• **Supplied material**:
%%

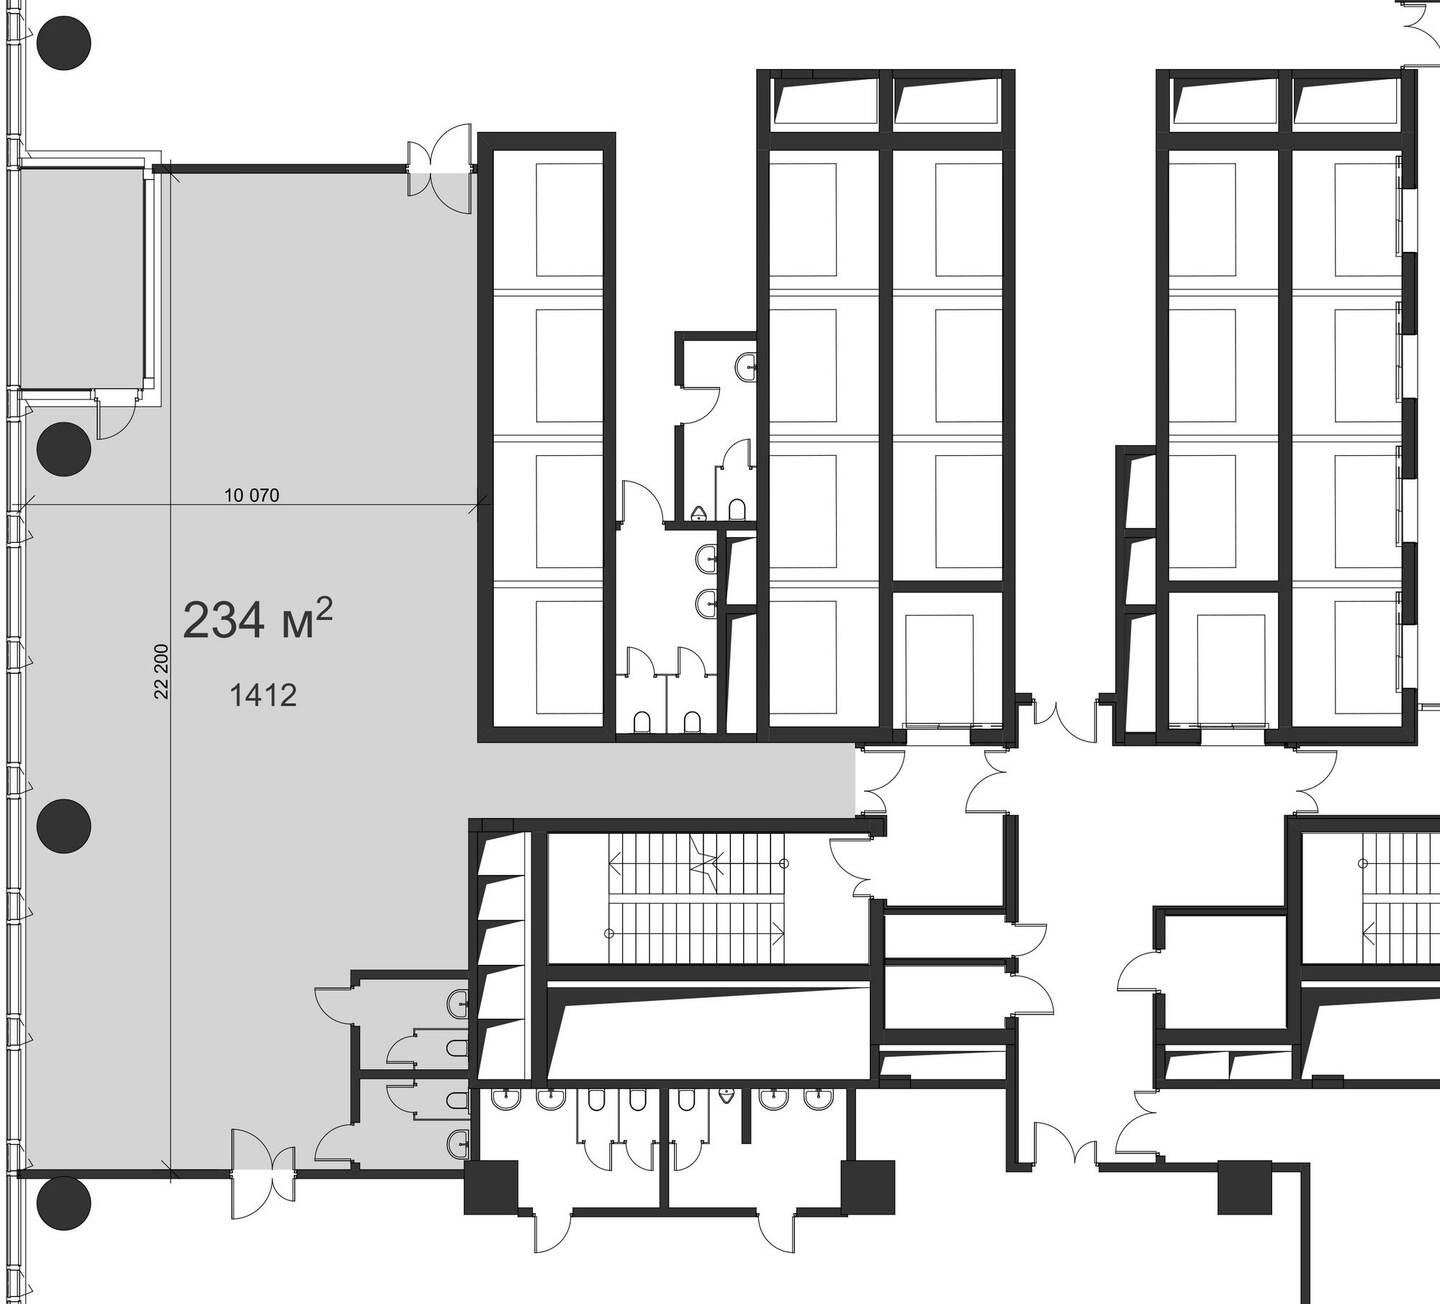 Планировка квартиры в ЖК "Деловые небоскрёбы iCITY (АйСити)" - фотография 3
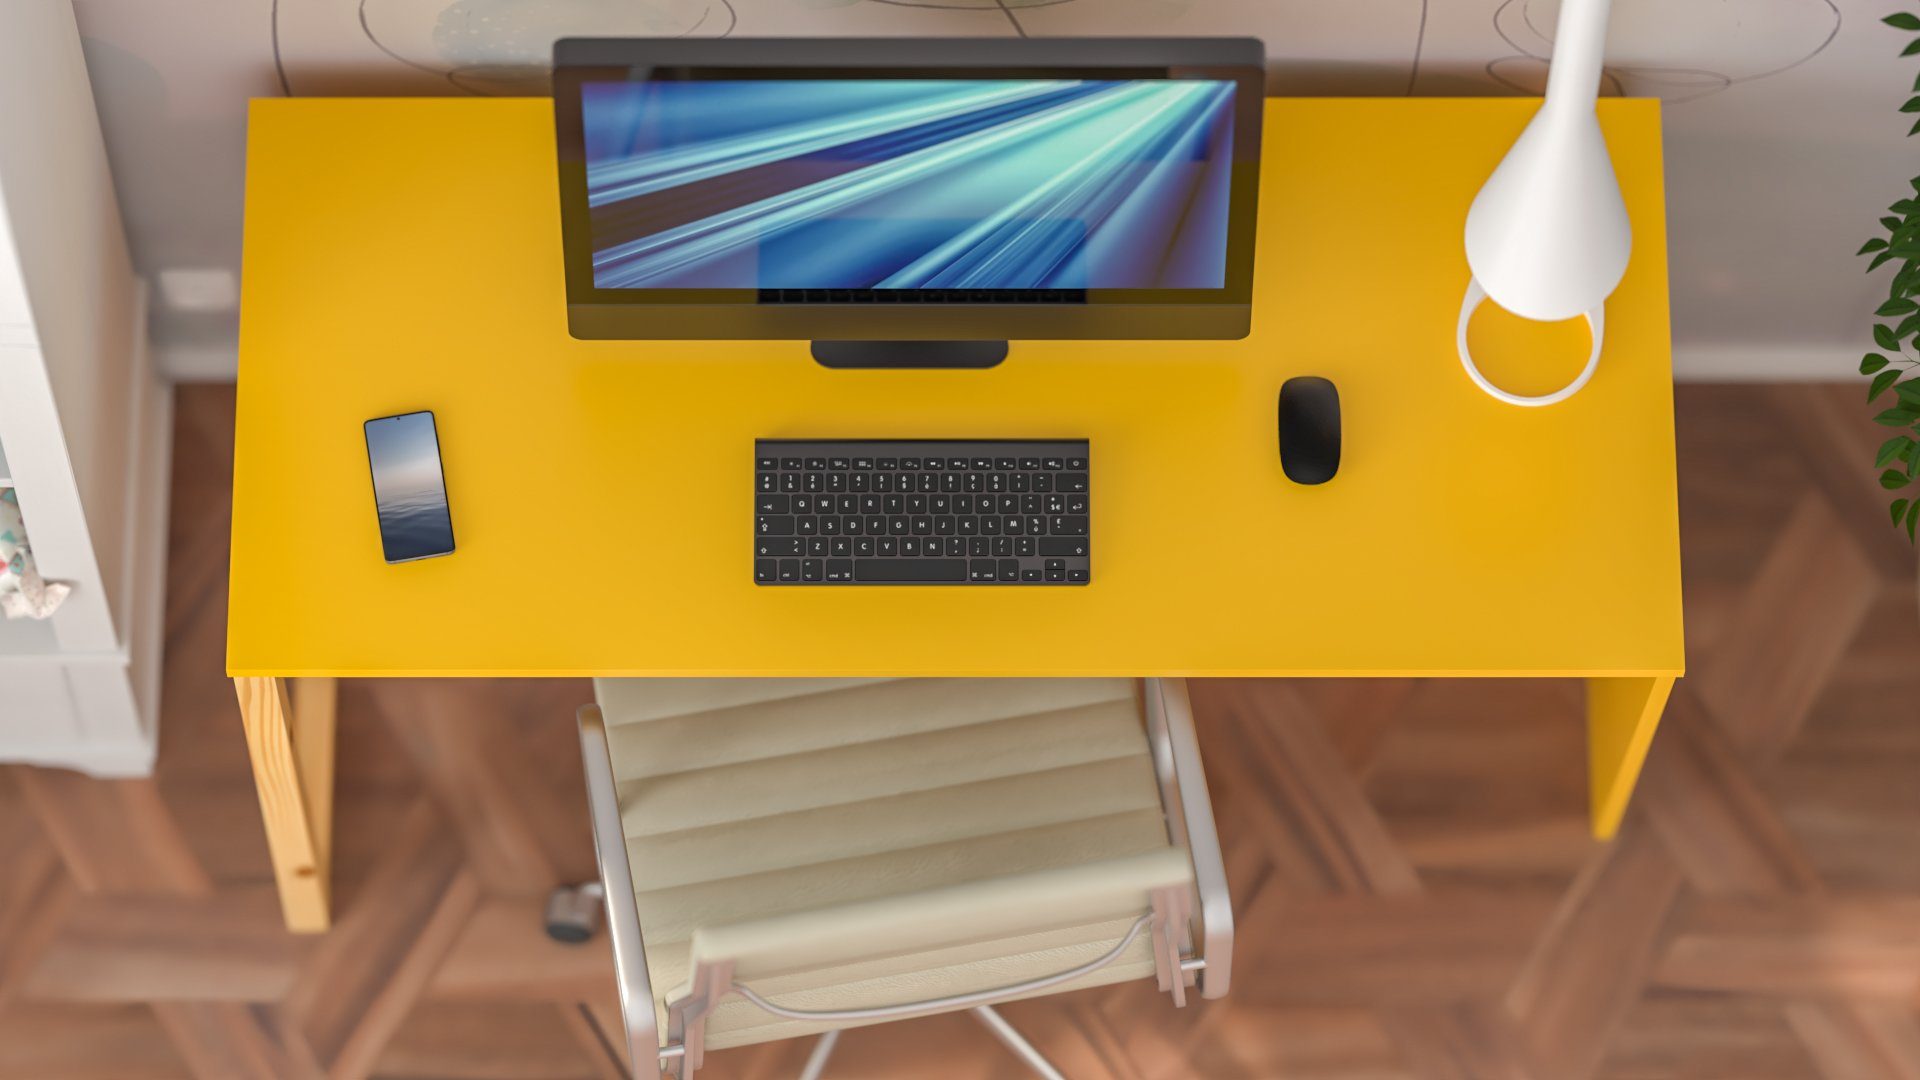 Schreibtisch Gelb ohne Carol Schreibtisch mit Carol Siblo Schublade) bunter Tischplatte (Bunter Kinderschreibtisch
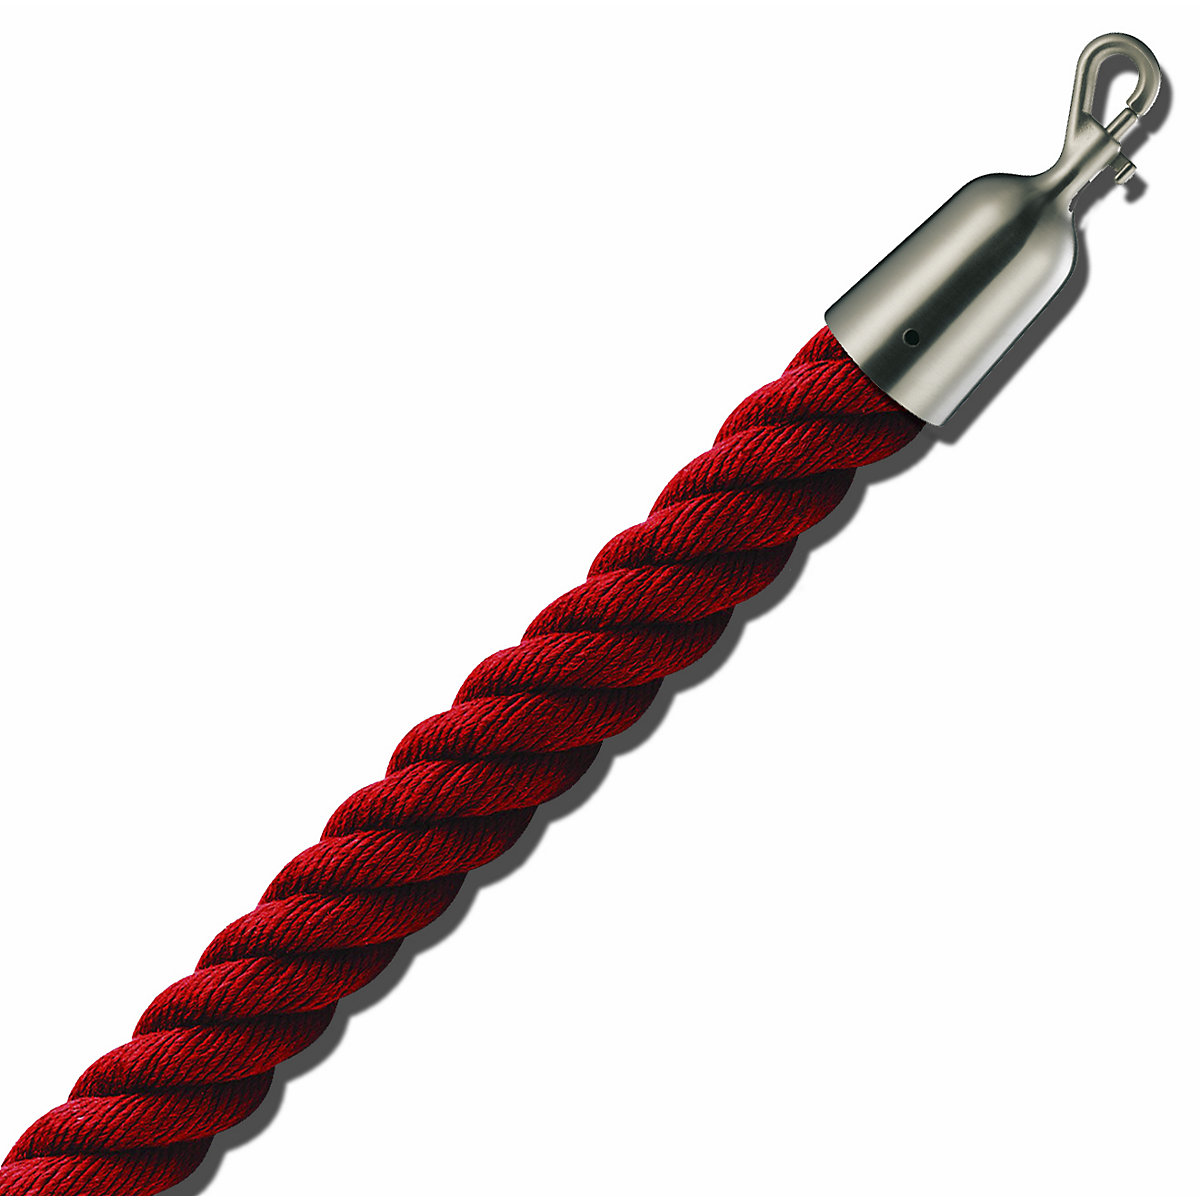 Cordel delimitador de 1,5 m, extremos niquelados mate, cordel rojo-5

%%

• **What you should do**:
Restate the data above word for word. Skip every picture.

• **Completed task**:
 Планировка квартиры в ЖК "Деловые небоскрёбы iCITY (АйСити)" - фотография 3
 Schreibtisch Gelb ohne Carol Schreibtisch mit Carol Siblo Schublade) bunter Tischplatte (Bunter Kinderschreibtisch
 Cordel delimitador de 1,5 m, extremos niquelados mate, cordel rojo-5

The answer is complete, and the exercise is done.